The planning grant will lay the groundwork for a Type-2 grant from NSF, which, if awarded, could be as much as $160 million over 10 years. That funding would take the strategic framework the collaborators are developing and create an engine to grow the mass timber ecosystem of public-private partnerships.
“The strategic planning will involve working with a variety of interest groups, including people in the forestry industries, sawmill plants, panel producers, fabricators, contractors, architects and engineers, workforce training development agencies, and both rural and urban communities with underserved populations” Sheine said. “A robust ecosystem could create jobs in harvesting, manufacturing and construction, and produce desperately needed affordable housing.”
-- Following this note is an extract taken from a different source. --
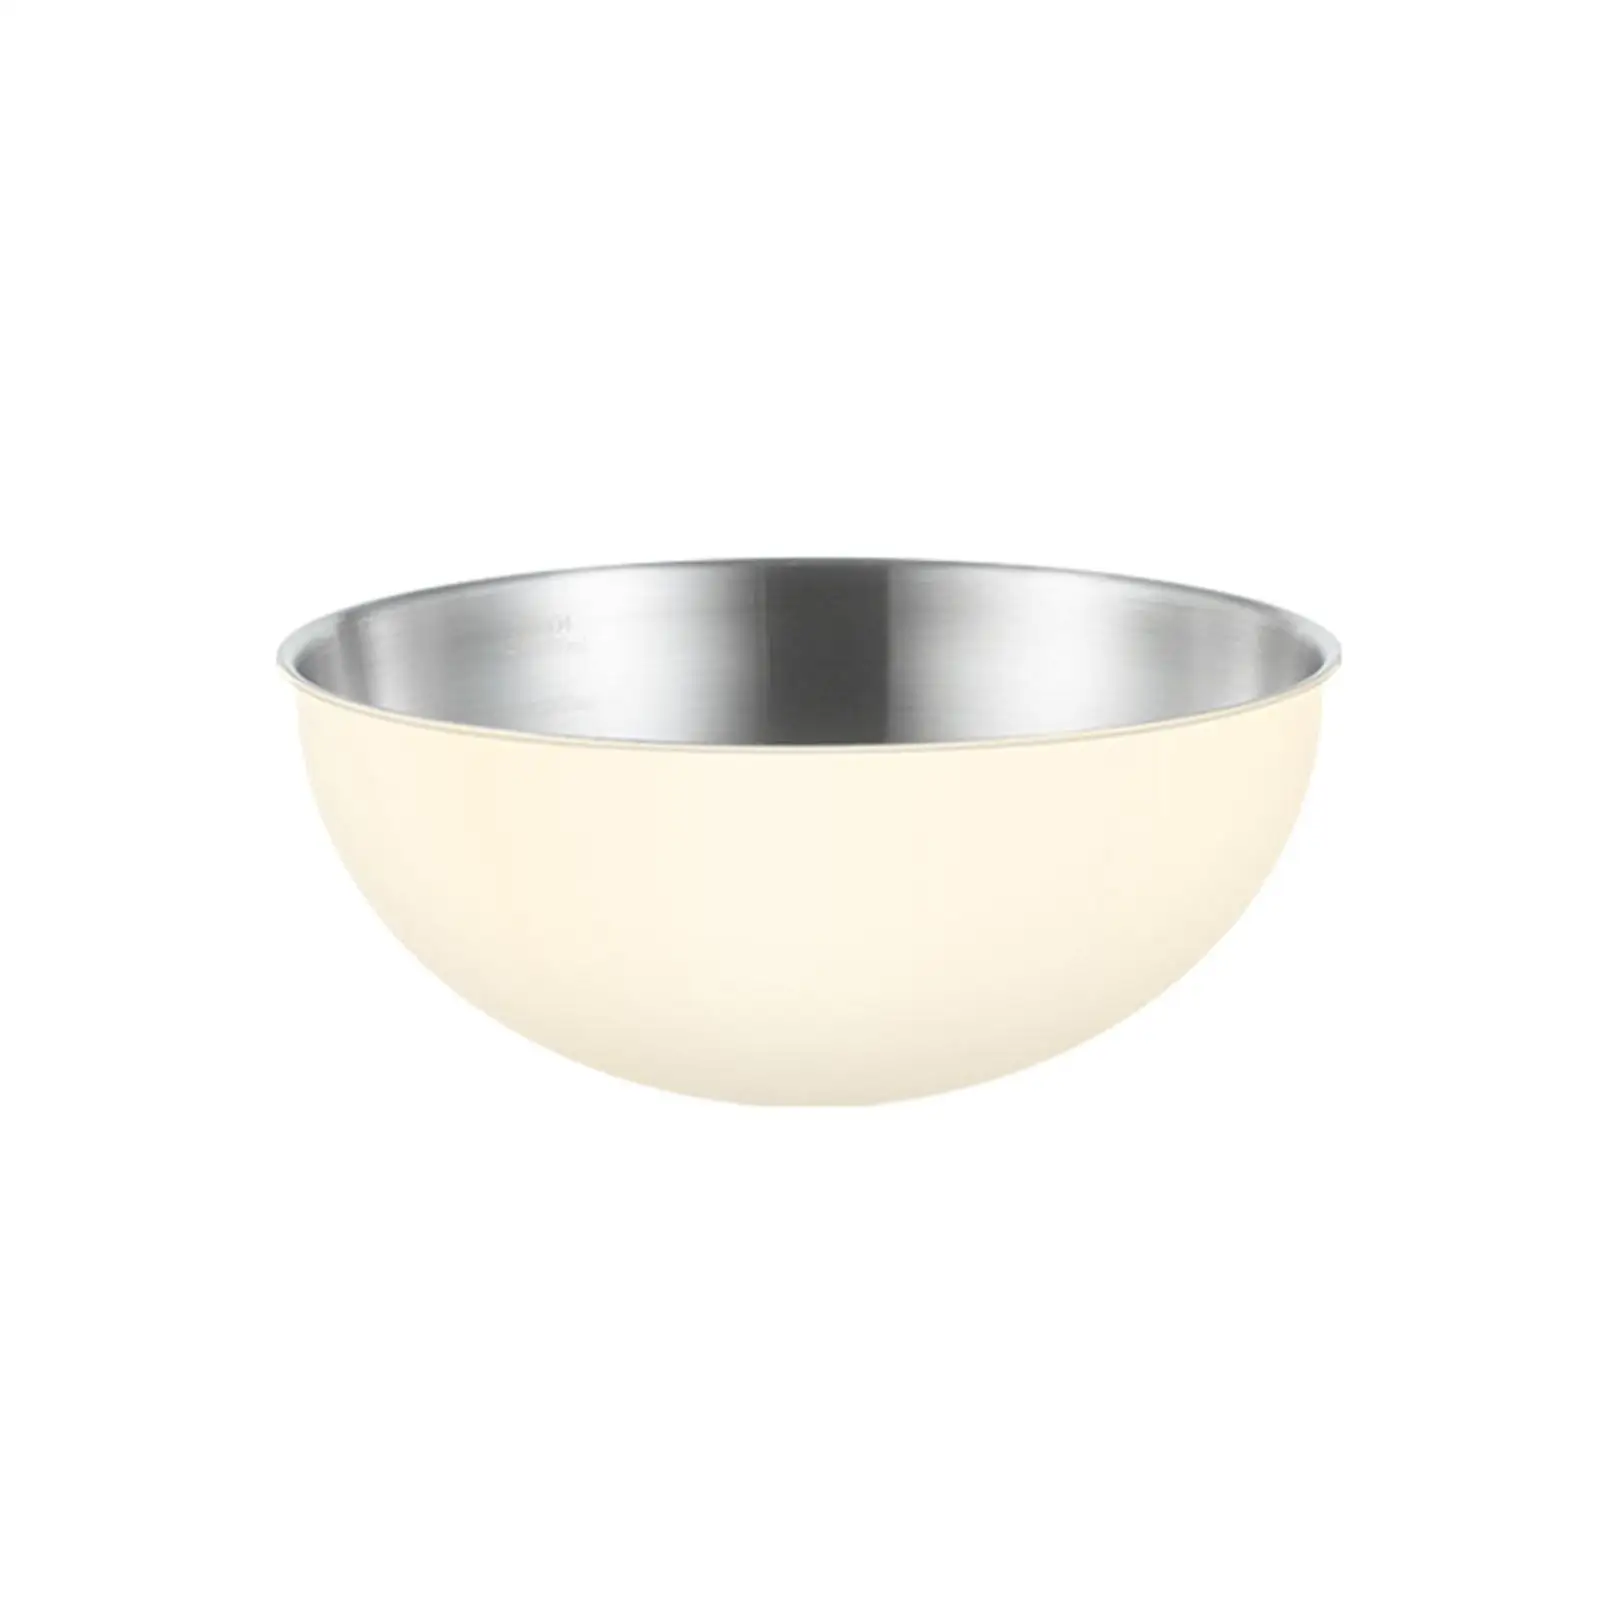 Serving Bowls Container Stainless Steel Durable Soup Bowls Salad Bowls for Party Restaurant Dining Table Kitchen
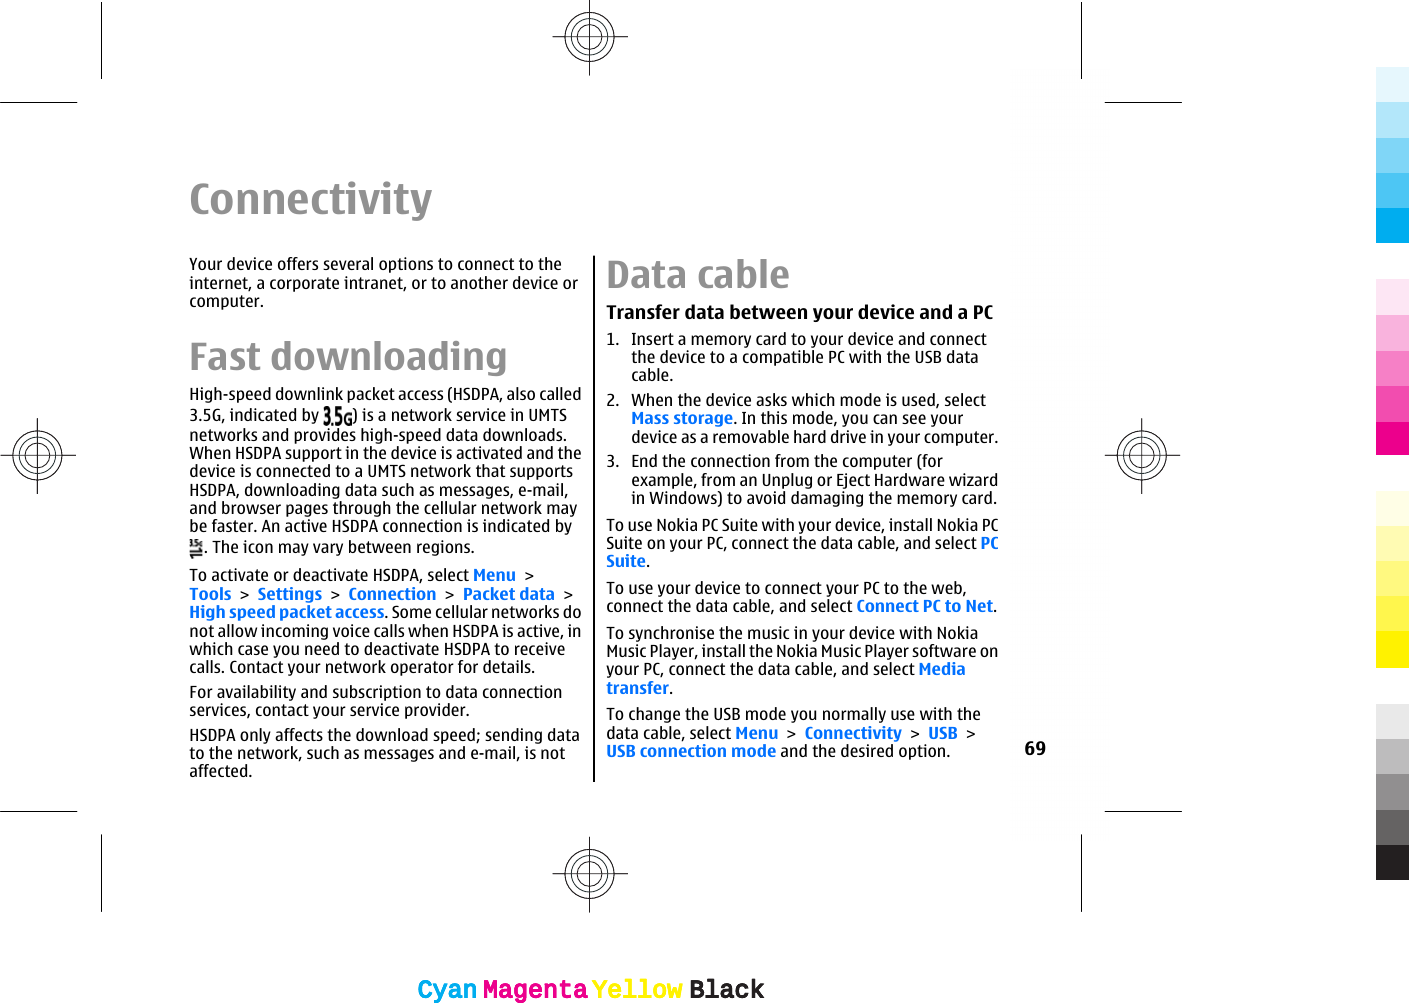 ConnectivityYour device offers several options to connect to theinternet, a corporate intranet, or to another device orcomputer.Fast downloadingHigh-speed downlink packet access (HSDPA, also called3.5G, indicated by  ) is a network service in UMTSnetworks and provides high-speed data downloads.When HSDPA support in the device is activated and thedevice is connected to a UMTS network that supportsHSDPA, downloading data such as messages, e-mail,and browser pages through the cellular network maybe faster. An active HSDPA connection is indicated by. The icon may vary between regions.To activate or deactivate HSDPA, select Menu &gt;Tools &gt; Settings &gt; Connection &gt; Packet data &gt;High speed packet access. Some cellular networks donot allow incoming voice calls when HSDPA is active, inwhich case you need to deactivate HSDPA to receivecalls. Contact your network operator for details.For availability and subscription to data connectionservices, contact your service provider.HSDPA only affects the download speed; sending datato the network, such as messages and e-mail, is notaffected.Data cableTransfer data between your device and a PC1. Insert a memory card to your device and connectthe device to a compatible PC with the USB datacable.2. When the device asks which mode is used, selectMass storage. In this mode, you can see yourdevice as a removable hard drive in your computer.3. End the connection from the computer (forexample, from an Unplug or Eject Hardware wizardin Windows) to avoid damaging the memory card.To use Nokia PC Suite with your device, install Nokia PCSuite on your PC, connect the data cable, and select PCSuite.To use your device to connect your PC to the web,connect the data cable, and select Connect PC to Net.To synchronise the music in your device with NokiaMusic Player, install the Nokia Music Player software onyour PC, connect the data cable, and select Mediatransfer.To change the USB mode you normally use with thedata cable, select Menu &gt; Connectivity &gt; USB &gt;USB connection mode and the desired option. 69CyanCyanMagentaMagentaYellowYellowBlackBlackCyanCyanMagentaMagentaYellowYellowBlackBlack

A Strong Foundation for Relationships
The engine grant is complementary to the work the TDI researchers are doing as part of the Oregon Mass Timber Coalition’s grant from the Build Back Better Regional Challenge, sponsored by the U.S. Department of Commerce’s Economic Development Administration. Those funds, which were announced in September 2022, are directed at UO’s new Oregon Acoustic Research Laboratory, a fire testing chamber at OSU, affordable housing prototyping and testing for factory production, and a “Smart Forestry” research program that addresses environmental stewardship, supply chain mapping and workforce development.
Through a combination of university collaboration, community involvement in planning, and private investment, the mass timber regional innovation engine stands to not only reenergize the timber economy of the Pacific Northwest region, but also facilitate rural renewal and sustainable urban growth as well.
— By Kelley Christensen, Office of the Vice President for Research and Innovation
*With apologies to poet Douglas Malloch.